All tests must pass before PR review. We maintain 157+ passing tests to ensure reliability.

Pull Request Process

  1. Create a feature branch: git checkout -b feature/my-feature
  2. Make your changes
  3. Run npm run lint:fix to fix any style issues
  4. Ensure all tests pass: npm test
  5. Commit with clear messages: git commit -m "Add feature: description"
  6. Push to your fork and create a Pull Request

We'll review your PR within a few days. Thanks for contributing!

JavaScript Style Guide

Why Cachkit Exists

Every Node.js application implements caching differently. Some use redis.get(), others build custom LRU implementations, and most scatter TTL logic throughout the codebase. We wanted a single, reliable library that:

  • Works without configuration hassles
  • Supports both in-memory and distributed caching
  • Handles memoization automatically
  • Fails gracefully instead of crashing your app
  • Gets out of your way

Cachkit is built with TypeScript, extensively tested (157 tests), and maintains a stable API. Use it in development with in-memory storage or promote to production with Redis—the same code works everywhere.

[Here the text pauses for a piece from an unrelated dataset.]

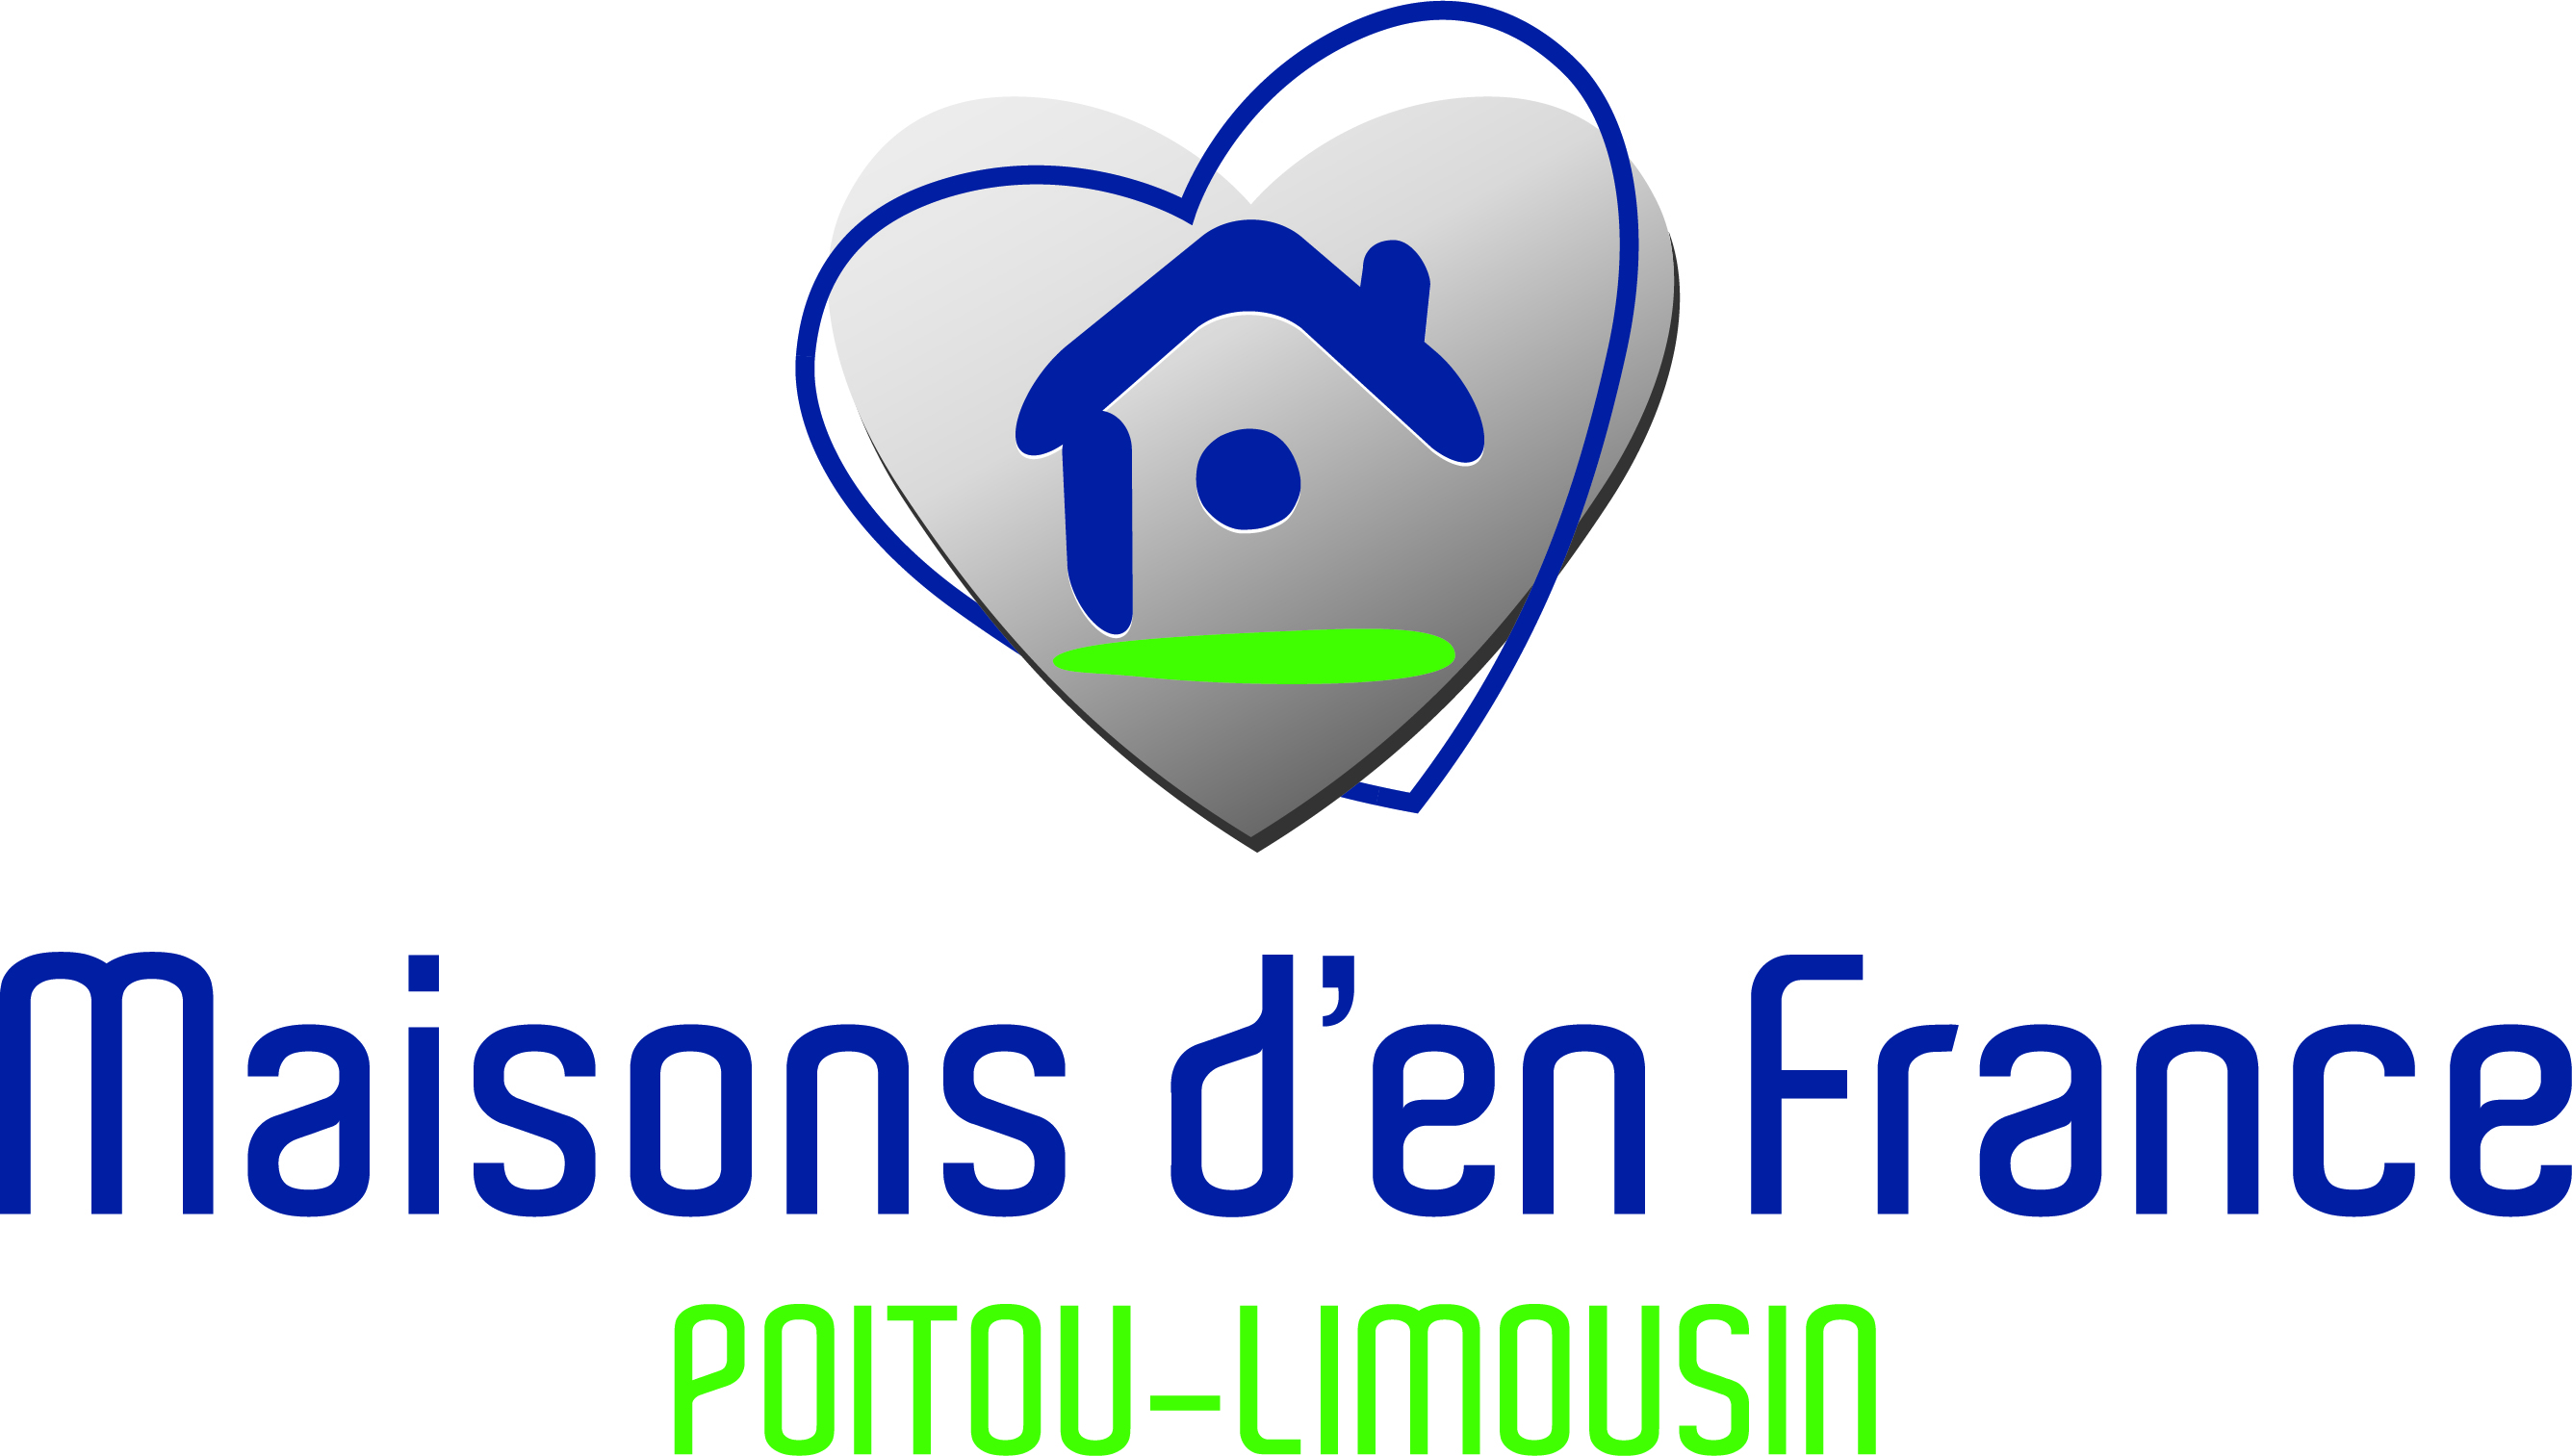 MDF Poitou-Limousin logo

Comparison to Other Caching Libraries

| Feature | Cachkit | node-cache | redis | ioredis | |---------|-----------|-----------|-------|---------| | Zero Config | ✅ Yes | ✅ Yes | ❌ No | ❌ No | | Auto Memoization | ✅ wrap() | ❌ Manual | ❌ Manual | ❌ Manual | | Type Safety | ✅ TypeScript | ❌ No | ⚠️ Partial | ⚠️ Partial | | Encryption Support | ✅ AES-256 | ❌ No | ❌ No | ❌ No | | Rate Limiting | ✅ Built-in | ❌ No | ❌ No | ❌ No | | Monitoring/Metrics | ✅ Built-in | ❌ No | ❌ No | ❌ No | | Multiple Backends | ✅ Memory/Redis/Memcached | ⚠️ Memory only | ✅ Redis only | ✅ Redis only | | Graceful Errors | ✅ Never throws | ⚠️ Can crash | ✅ Can crash | ✅ Can crash | | Size (unpacked) | 🚀 ~50KB | ~35KB | ~43KB | ~80KB | | Production Ready | ✅ 157 tests | ✅ Stable | ✅ Industry standard | ✅ Industry standard | | Learning Curve | 🎯 5 minutes | 5 minutes | 15+ minutes | 20+ minutes |

Choose Cachkit if you want: All-in-one solution with type safety, encryption, and monitoring
Choose others if you need: Lightweight memory-only solution or established Redis client library

License

MIT License

MIT License. See LICENSE file for details.

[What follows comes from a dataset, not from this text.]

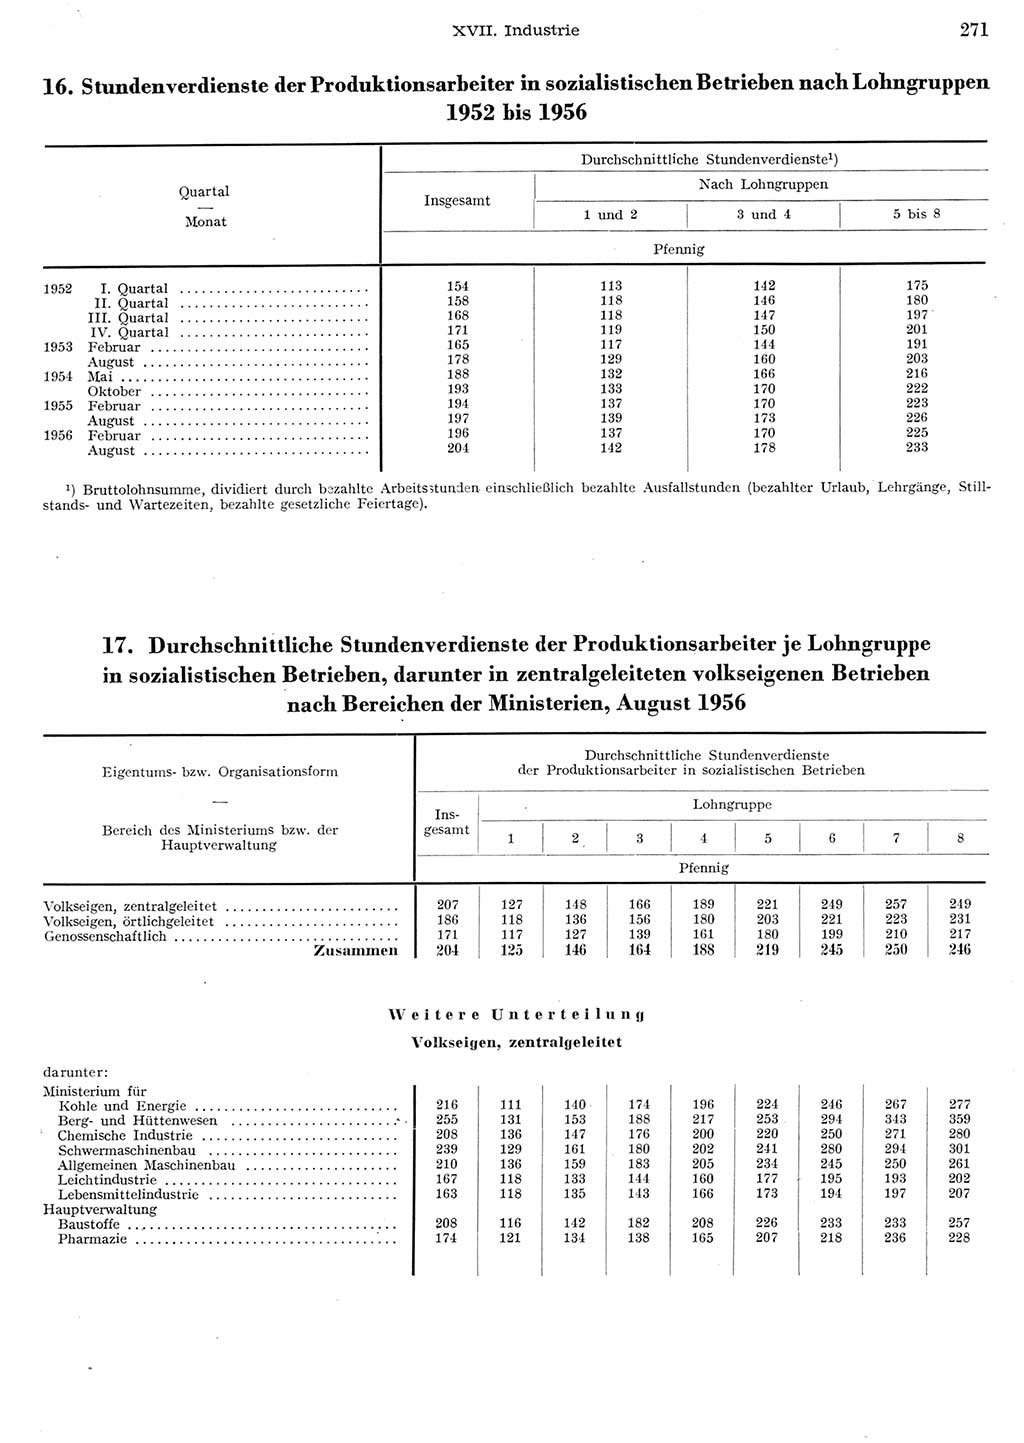 Statistisches Jahrbuch der Deutschen Demokratischen Republik (DDR) 1956, Seite 271 (Stat. Jb. DDR 1956, S. 271)

Frequently Asked Questions

Q: Will Cachkit replace my Redis setup?
A: No. Use in-memory mode for development and single-instance deployments. Use Redis for production systems with multiple instances.

Q: How does this compare to other caching libraries?
A: Cachkit is smaller, faster, offers superior async support, and works with Redis without additional setup.

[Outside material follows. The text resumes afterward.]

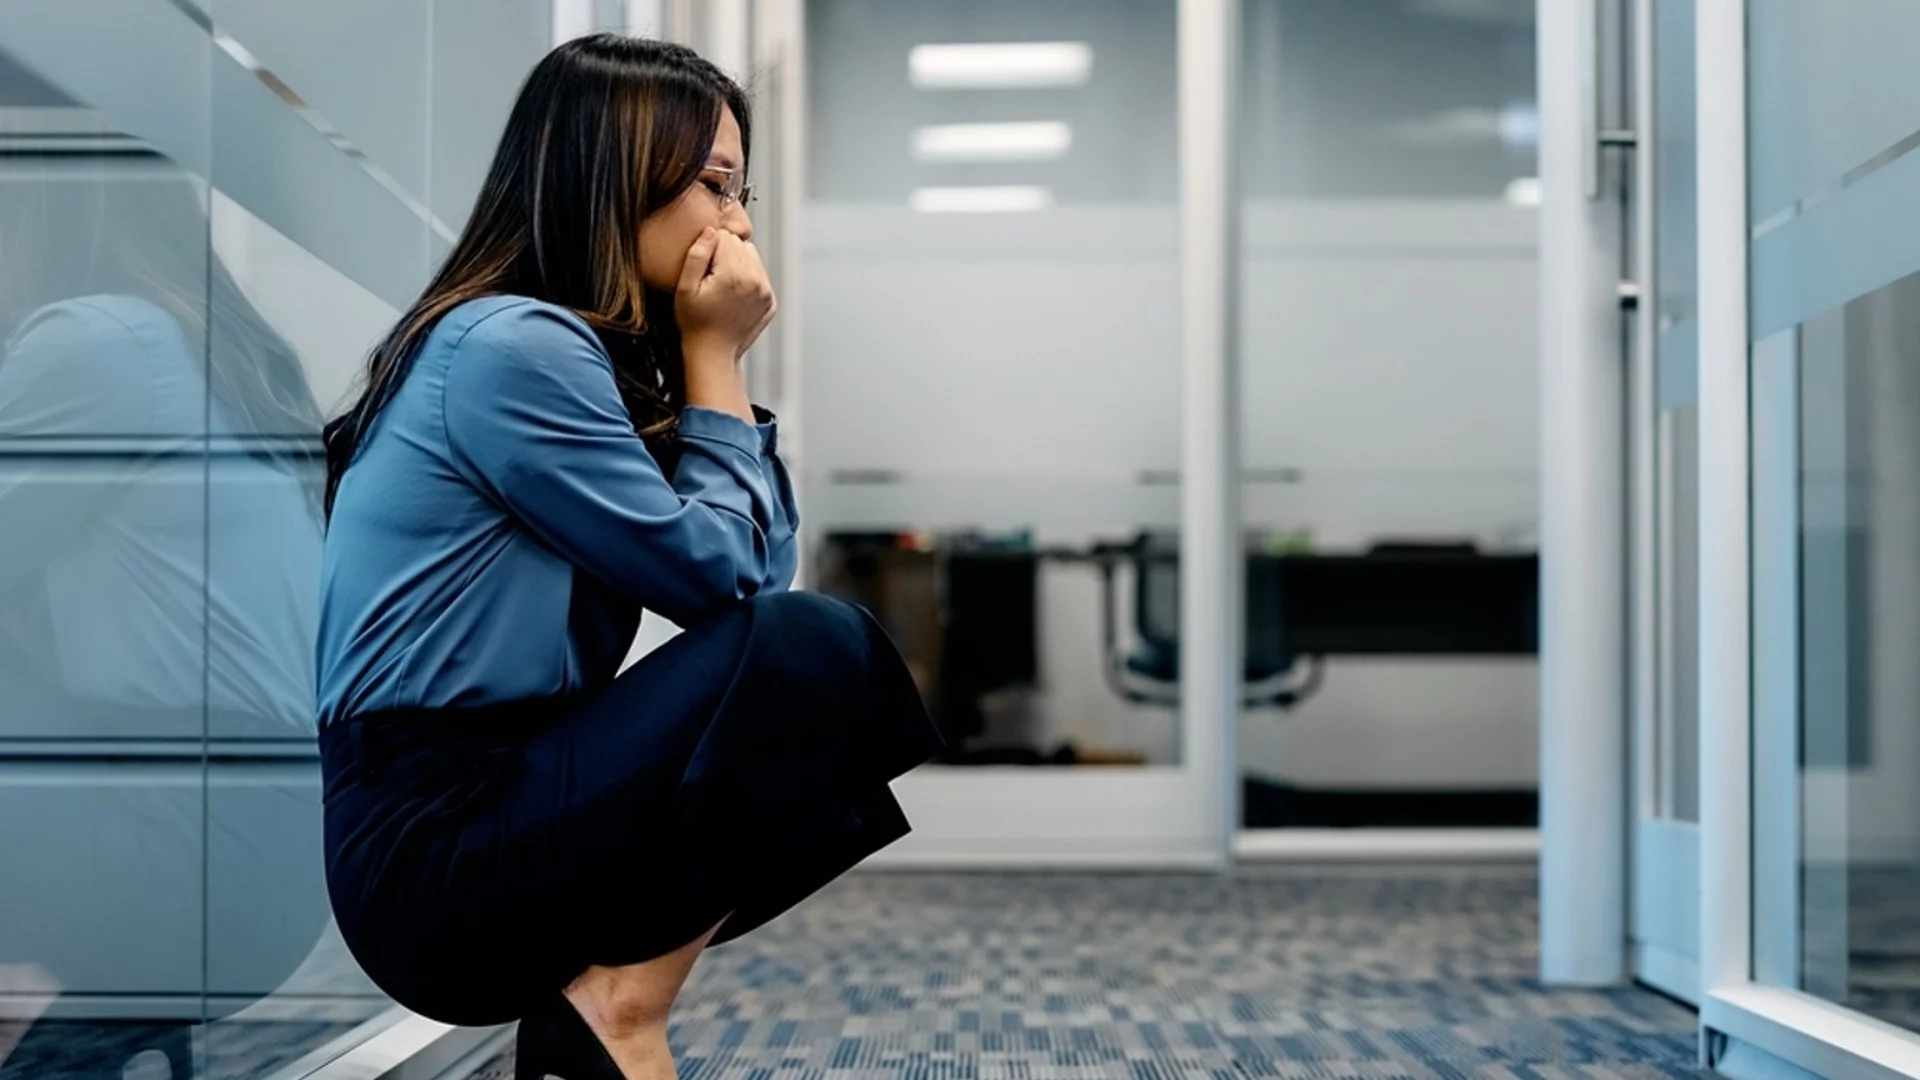 10 съвета за тези, които се страхуват да напуснат работа, която не харесват

Q: What if I don't want automatic expiration?
A: Don't set a TTL. Data persists until you manually delete it or the cache reaches capacity and evicts entries via LRU.

Q: Is this production-ready?
A: Yes. Cachkit includes 157 passing tests, full TypeScript support, and is actively used in production services.

Q: How do I debug cache operations?
A: Set LOG_LEVEL=debug before running. Cachkit will log all operations for inspection.


Made by developers, for developers. Stop reinventing the cache.